It’s surprising to think sometimes that the book Fatbag, my first professional (i.e. paid!) job as an illustrator, was 30 years ago this year. I remember creating the drawings like it was yesterday.
Having graduated from Manchester I moved to Norwich, where my parents had decided to re-settle during my absence. Rural Norfolk was a complete contrast to Manchester. I knew nothing about Norwich at all, but there was a burgeoning music and arts scene which I slipped into pretty quickly. With virtually no budget I started anonymously publishing an indies music/arts fanzine The Blue Blanket, through which I interviewed bands, touring and local, ran local event listings, plus there were odd features on the arts, and opinionated flippant essays under various nom-de-plumes. And of course it was fully illustrated with my work. It was fun, made me a bunch of friends very quickly, and invariably sold out. Somewhere along the years of multiple housemoving I lost my own remaining copies, so I’ve only memories of the magazine now, but recently I did find one piece of artwork in my dad’s house.
Any funds raised were pumped straight back into the production of the magazine, so the print quality and distribution gradually improved, the print run more than doubled over a year. However by then it was becoming a burden to write, illustrate, edit and publish largely by myself, the magazine was a full time job and I always paid for contributions, leaving very little for myself. I had to make a choice – am I going to do this for a living? In which case I’d need to generate some income from it, or take up the reins of freelance illustration, which I’d just spent 4 years studying? It was time to get serious about my career.
After throwing most of my student artwork out of the window on the last day at Manchester Poly (see previous post) I just had a simple portfolio of graduate pieces I wasn’t particularly happy with, mostly black and white. So I began looking with fresh eyes at the market for children’s illustration. I worked on some story ideas and drew a full colour dummy picture book Bored Brenda, (a modern day twist on The Fisherman’s Wife, set in Manchester) plus a couple of other watercolour portfolio pieces, and added drawings from The Blue Blanket to my degree show black and white work.
On a bleak spring day I jumped on a train to London with around 4 or 5 appointments with publishers. It wasn’t the first time I’d carted my wares around the streets of the capital, but previous times were as a student, showing college projects. This was different, my portfolio had a purpose, it was much more focused towards getting me employed. It’s strange that all this energy had suddenly appeared after I left college, in retrospect, it was a combination of The Blue Blanket and fear of unemployment that cranked me into gear.
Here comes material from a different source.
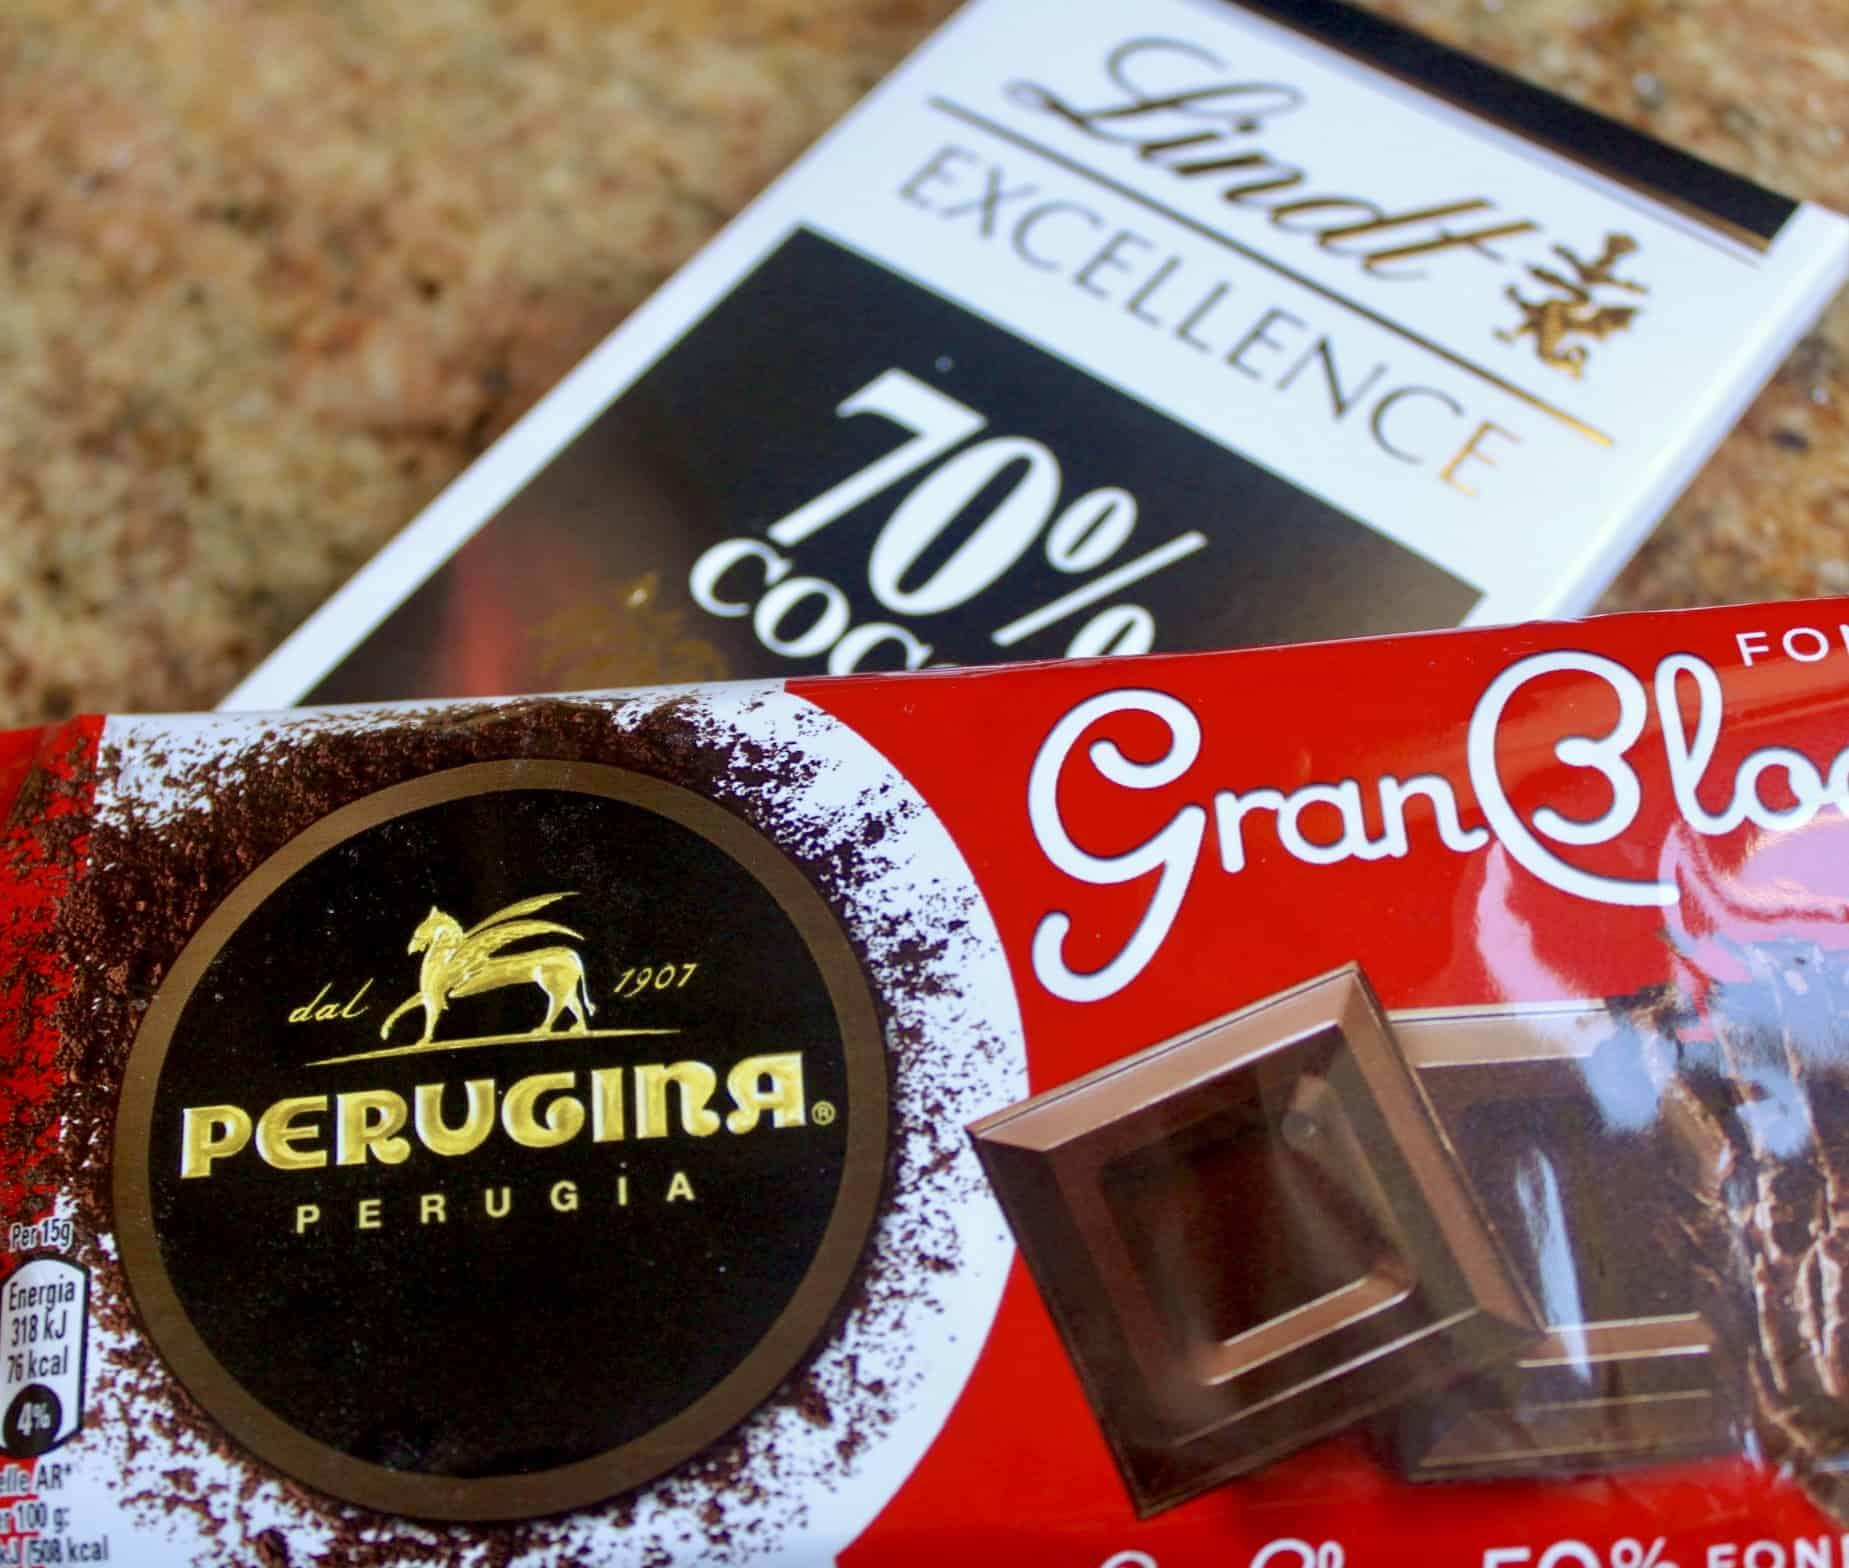 lindt and perugina chocolate bars

A and C Black were the last publisher I saw that day of lugging my portfolio around. It was belting down with rain and I was pretty drenched, I often wonder whether the art director (now Managing Director) Jill Coleman took pity on my bedraggled appearance. But she liked my drawings, and to my surprise and delight offered me a book to illustrate, written by the then largely unknown Jeremy Strong. Suddenly I was in business, the flat fee seemed very reasonable for the time (little did I know Fatbag would still be on the shelves 30 years later and I wouldn’t earn a penny from any of the subsequent printings or editions!).
The book is sheer pantomime farce, the story of an evil vacuum cleaner that takes on a life of its own and goes on the rampage. Growing bigger and more powerful the more it slurps, Fatbag trashes the town, chased by the completely ineffective police and fire brigade.
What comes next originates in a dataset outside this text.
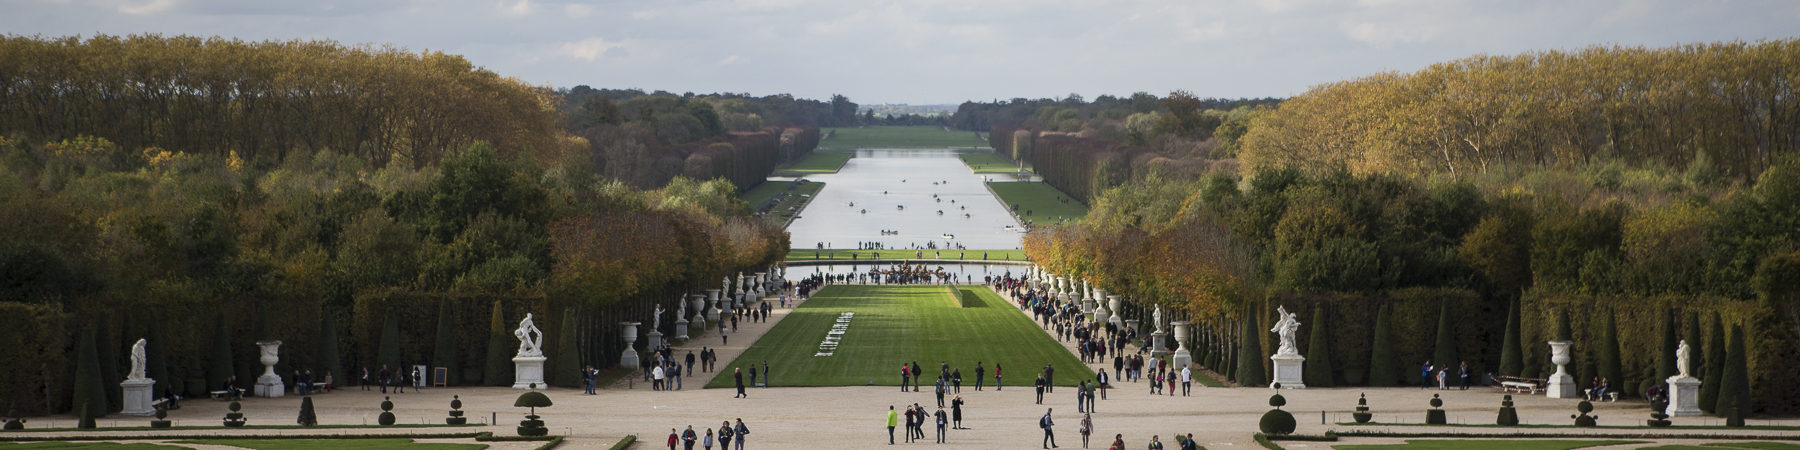 Gardens of Versailles-6.jpg

Eventually Fatbag meets his come-uppance thanks to the local school cleaner Elsie Bunce, with the help of a TV curry recipe.
I worked on Fatbag in my bedroom on an old kitchen table once belonging to my grandmother, such was the extent of my first studio, 30 line drawings and cover. Although I’m proud of the book as my first commission, I was clearly finding my way, some of the drawings are inconsistent, and I’ve always disliked the cover, but it was a start. Fatbag set me on the road, over the next year two more book commissions were to follow (Get Lavinia Goodbody! for the Andersen Press and A Canoe in the Mist for Jonathan Cape). My story Bored Brenda was eventually published (though truncated) in Storyteller magazine (Marshal Cavendish), by which time I’d moved to London. After a year of incubation I joined old Manchester mate Andy Royston to set up Façade Art Studios, from that point there was no looking back.